WHAT IS NEEDED:
In the records, find each line where "Beer" occurs, and copy it.

### SUPPLIED MATERIAL ###

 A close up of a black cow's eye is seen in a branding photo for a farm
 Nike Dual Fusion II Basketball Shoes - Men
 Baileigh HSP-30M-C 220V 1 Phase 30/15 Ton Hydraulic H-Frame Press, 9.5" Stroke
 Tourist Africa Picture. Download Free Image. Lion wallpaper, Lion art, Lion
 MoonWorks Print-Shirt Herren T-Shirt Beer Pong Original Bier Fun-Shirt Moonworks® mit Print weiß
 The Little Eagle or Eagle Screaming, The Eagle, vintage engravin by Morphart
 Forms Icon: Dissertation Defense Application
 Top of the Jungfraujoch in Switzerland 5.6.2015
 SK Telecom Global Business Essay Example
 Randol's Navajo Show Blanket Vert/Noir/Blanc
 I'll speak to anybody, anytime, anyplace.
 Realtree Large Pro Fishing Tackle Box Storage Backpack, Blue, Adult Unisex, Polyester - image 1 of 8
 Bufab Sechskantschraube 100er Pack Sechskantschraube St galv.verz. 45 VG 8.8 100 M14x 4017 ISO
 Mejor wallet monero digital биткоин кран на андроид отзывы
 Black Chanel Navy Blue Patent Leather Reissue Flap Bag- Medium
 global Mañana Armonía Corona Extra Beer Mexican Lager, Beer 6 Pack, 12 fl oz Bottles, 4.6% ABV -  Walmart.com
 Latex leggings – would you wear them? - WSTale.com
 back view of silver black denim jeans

###

ANSWER TO THE EXERCISE:
 MoonWorks Print-Shirt Herren T-Shirt Beer Pong Original Bier Fun-Shirt Moonworks® mit Print weiß
 global Mañana Armonía Corona Extra Beer Mexican Lager, Beer 6 Pack, 12 fl oz Bottles, 4.6% ABV -  Walmart.com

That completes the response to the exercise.